[Data extract Boundary: Start]

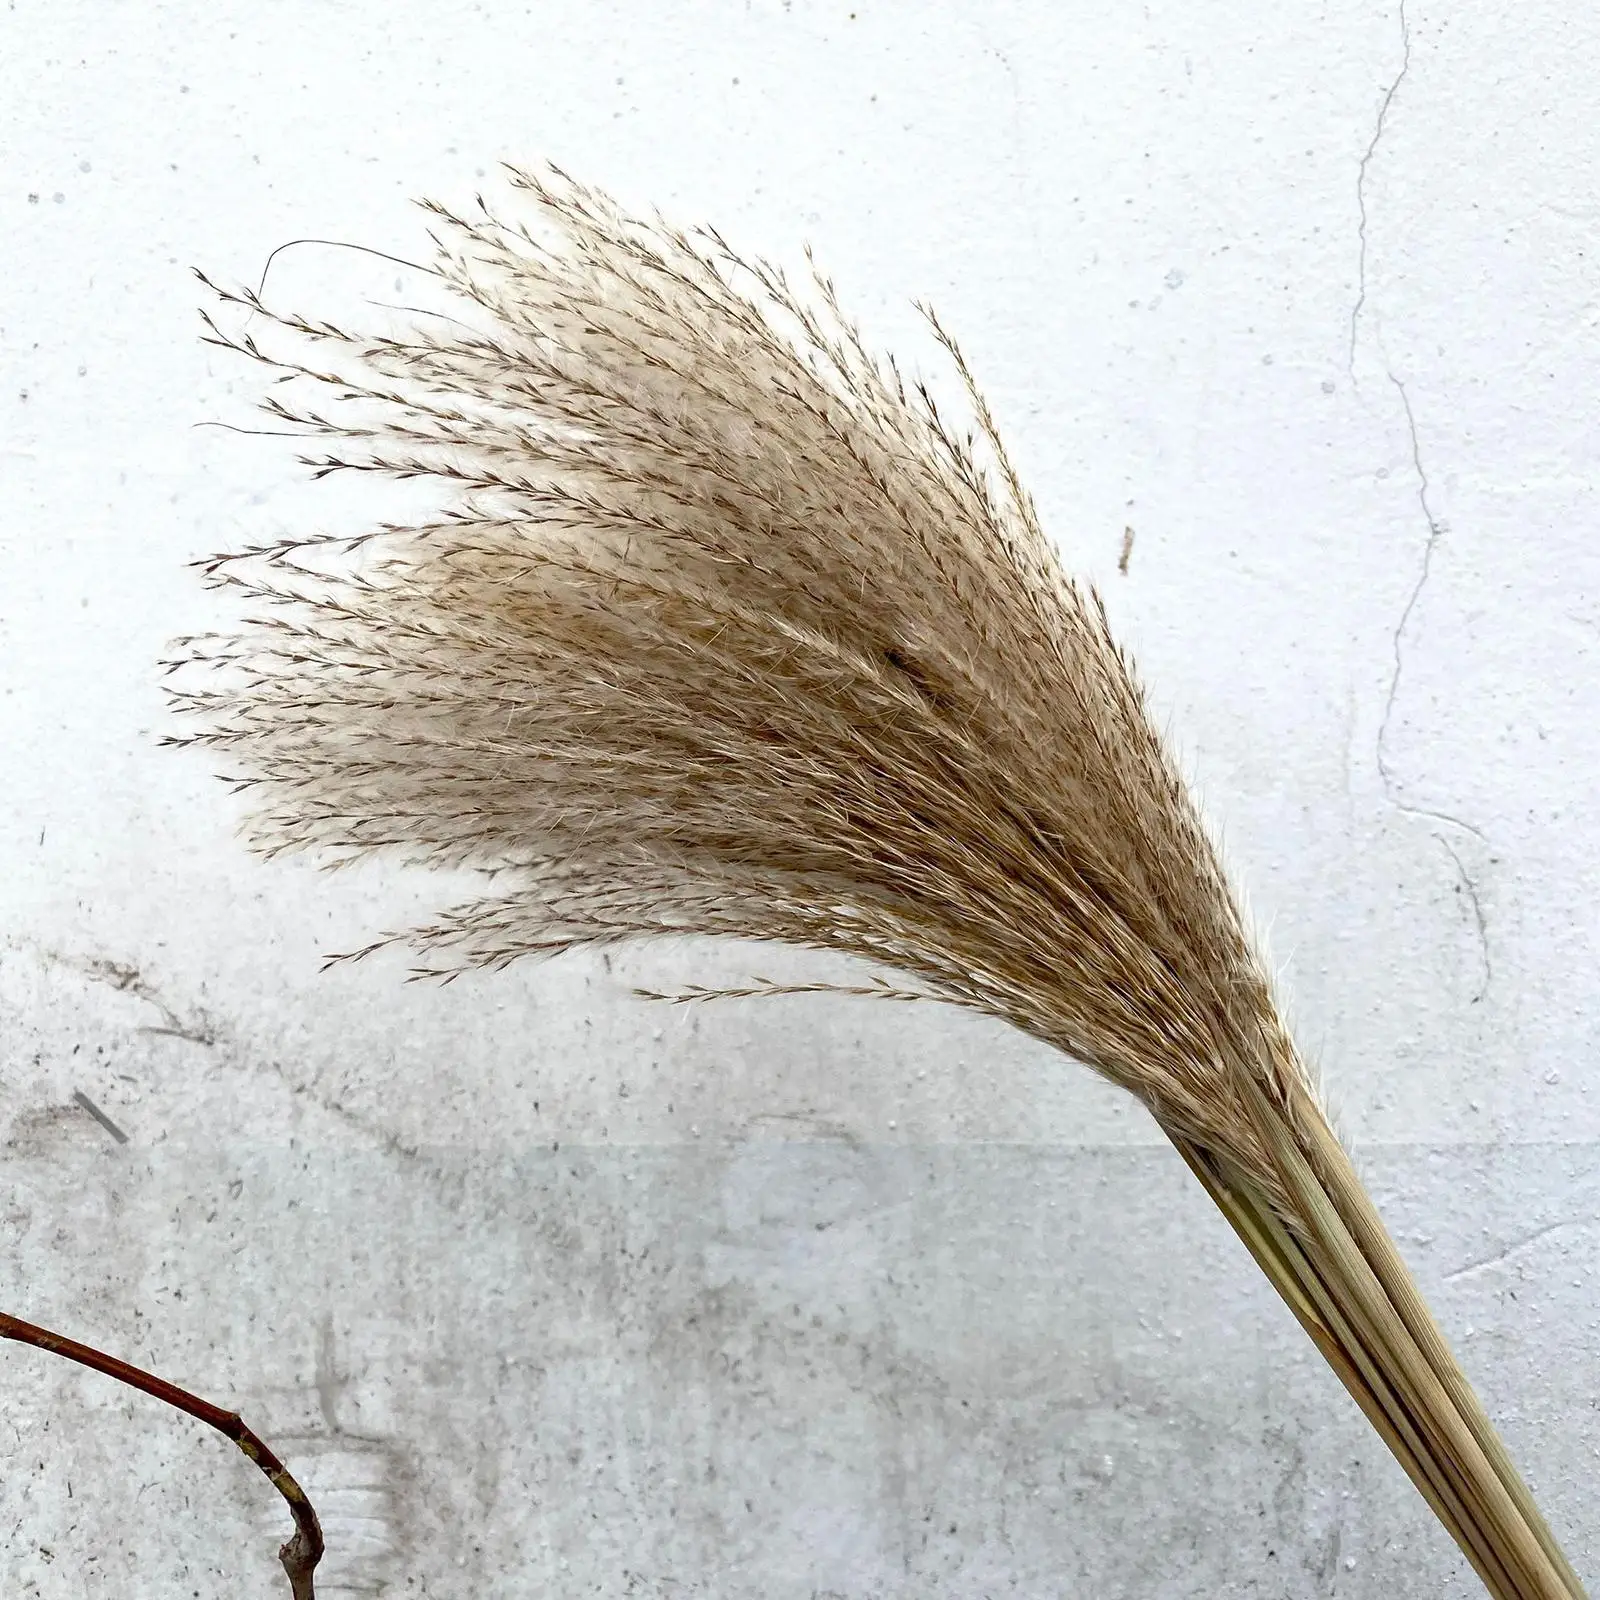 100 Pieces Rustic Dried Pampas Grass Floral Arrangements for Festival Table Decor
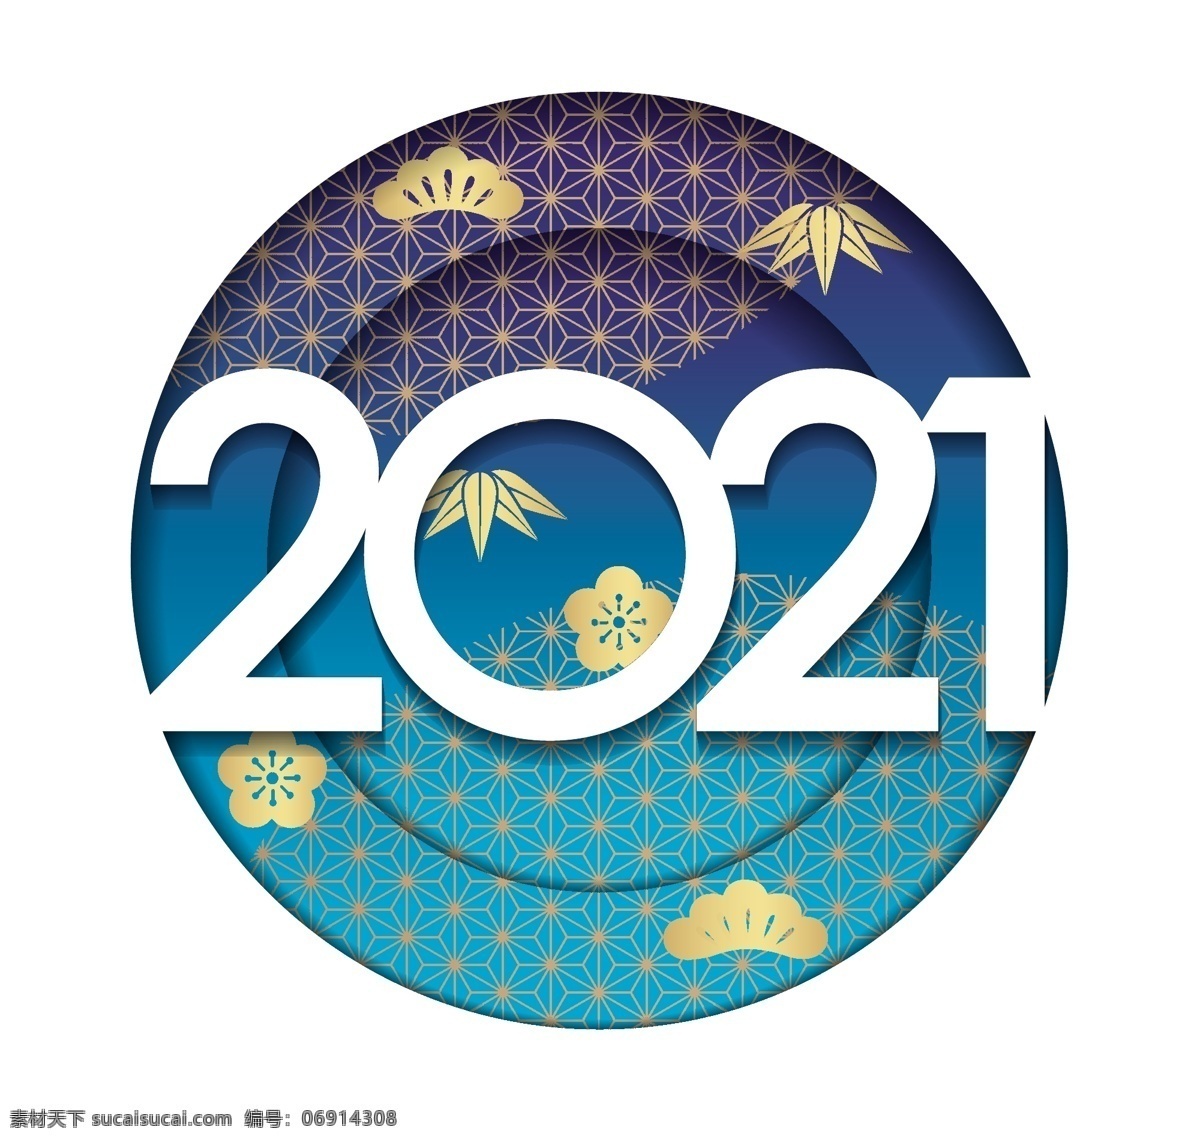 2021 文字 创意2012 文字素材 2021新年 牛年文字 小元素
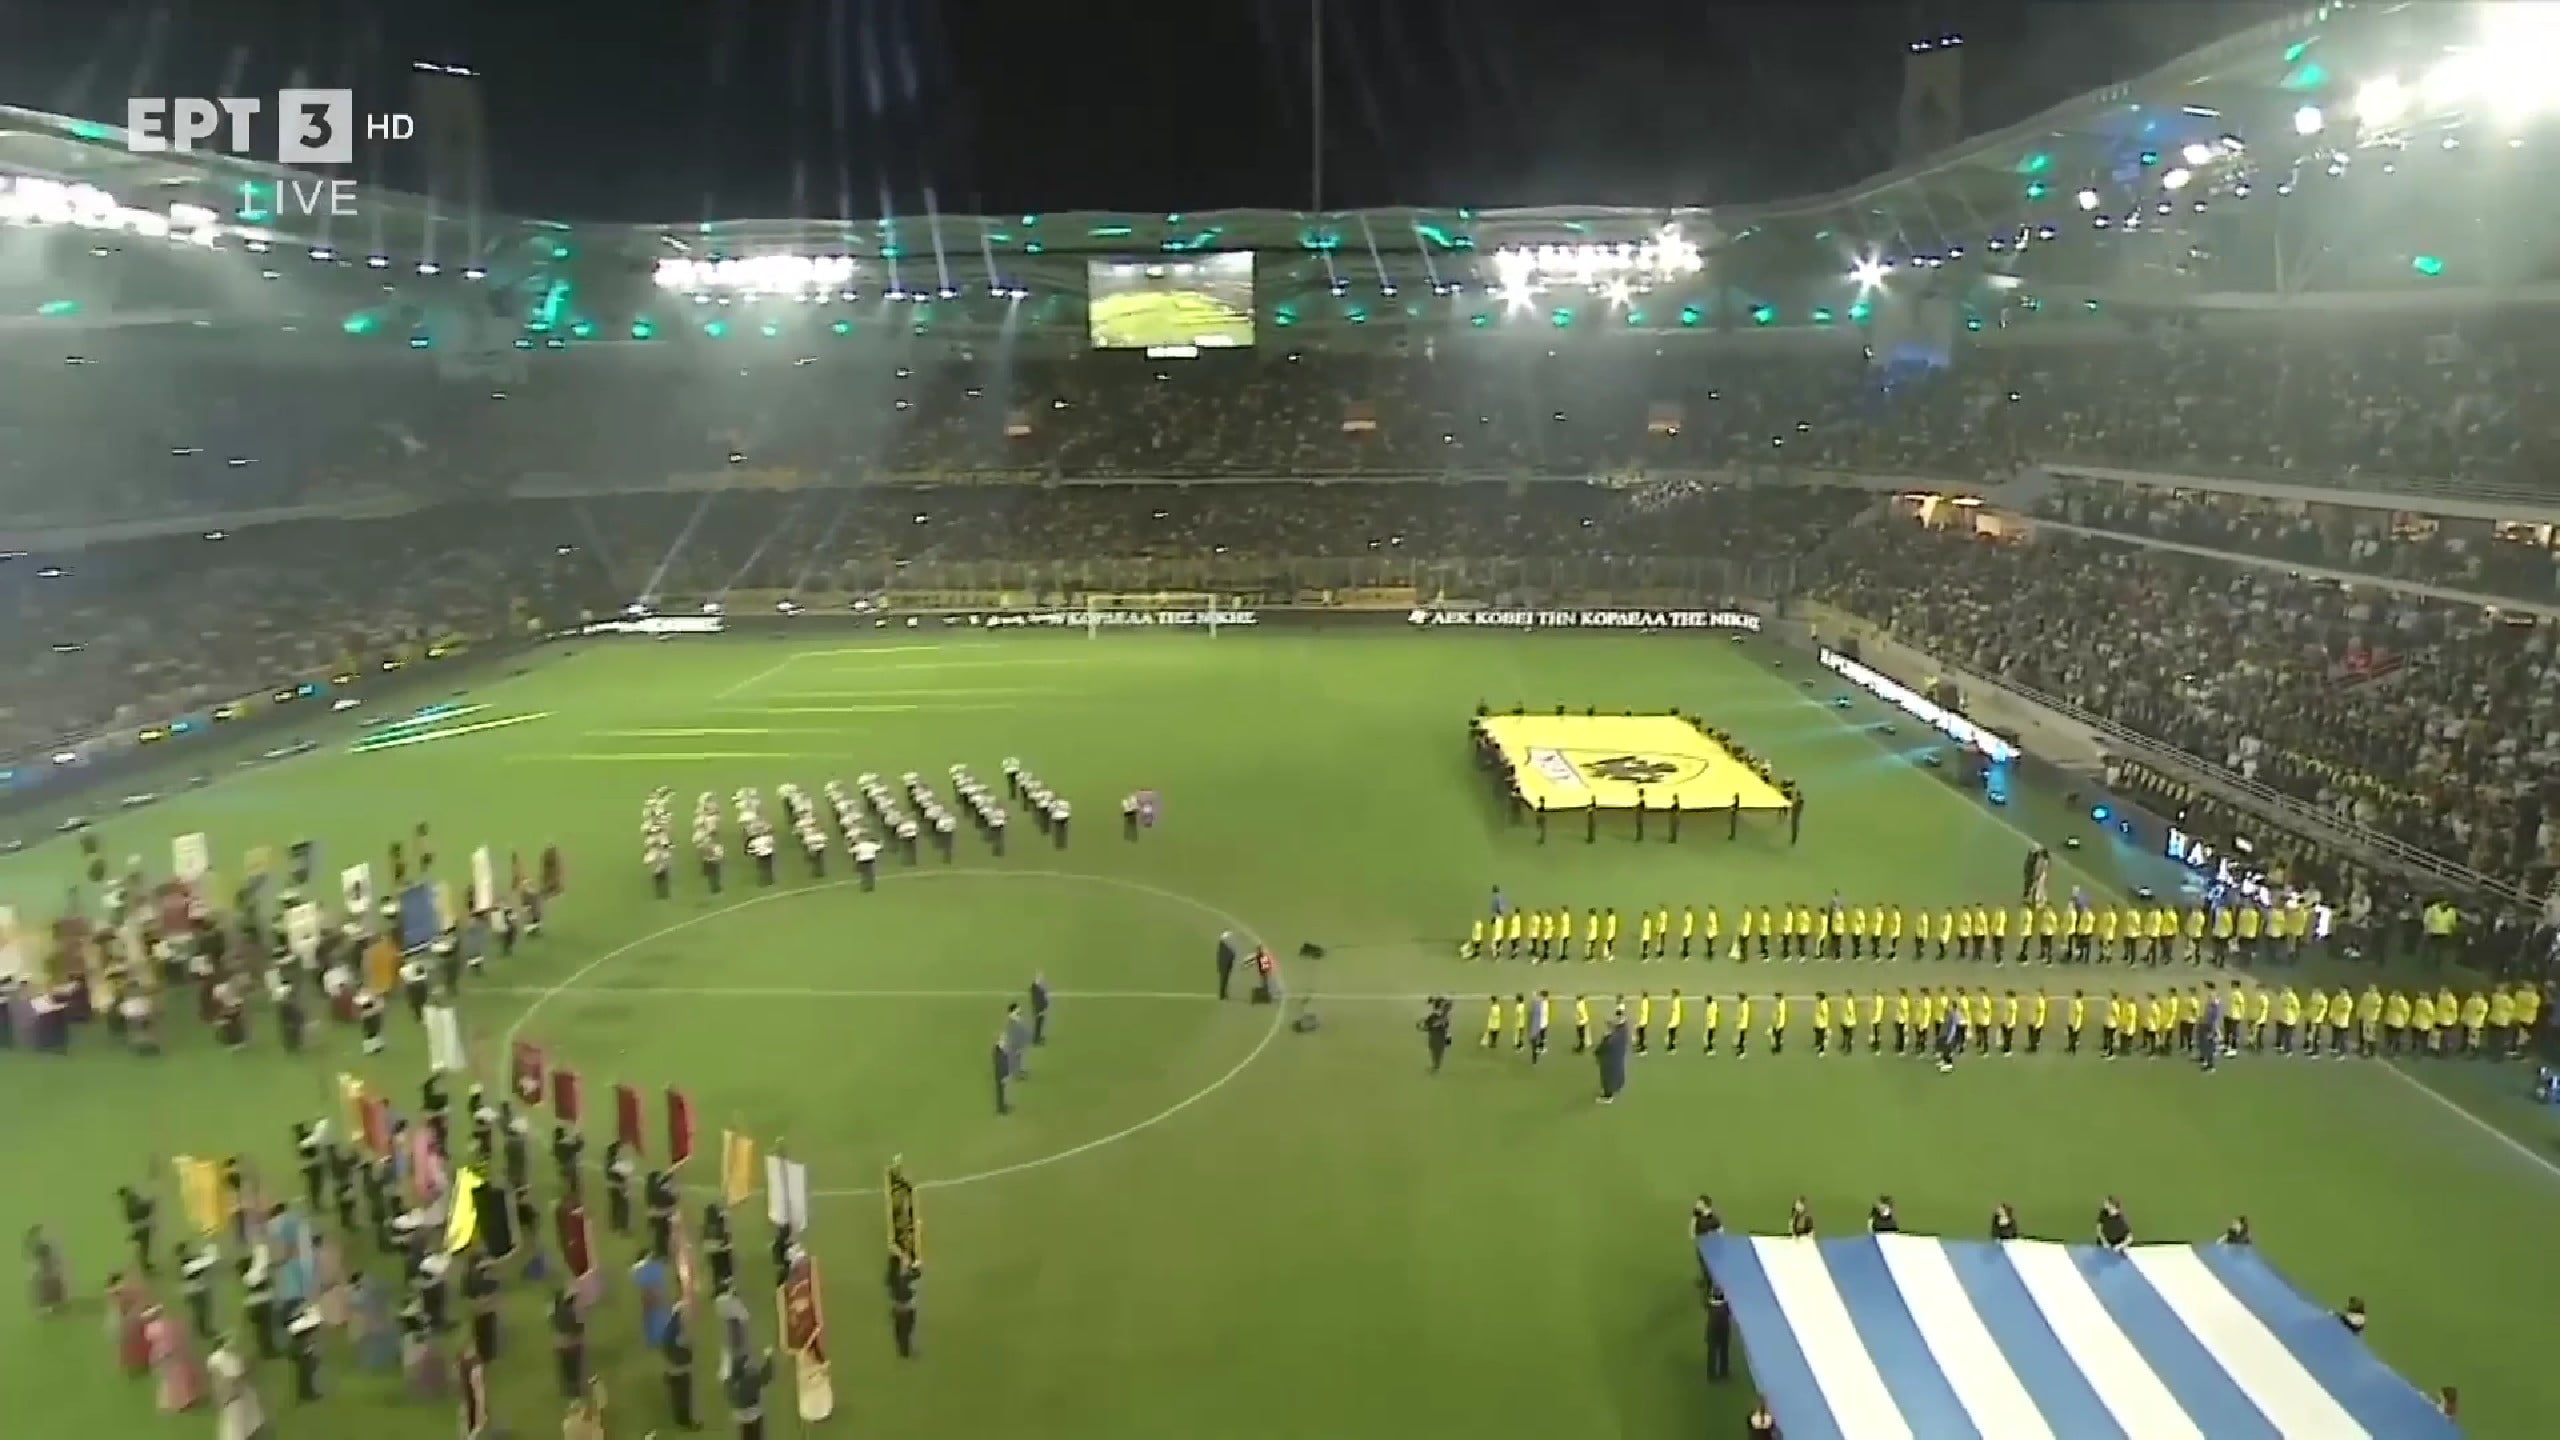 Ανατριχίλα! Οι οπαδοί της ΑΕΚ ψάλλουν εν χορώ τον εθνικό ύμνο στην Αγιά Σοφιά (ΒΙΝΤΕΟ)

[Data extract Boundary: End]

:: Your assignment ::
Once the pictures are set aside, repeat the data above exactly.

:: Written solution ::
 100 Pieces Rustic Dried Pampas Grass Floral Arrangements for Festival Table Decor
 2021 文字 创意2012 文字素材 2021新年 牛年文字 小元素
 Ανατριχίλα! Οι οπαδοί της ΑΕΚ ψάλλουν εν χορώ τον εθνικό ύμνο στην Αγιά Σοφιά (ΒΙΝΤΕΟ)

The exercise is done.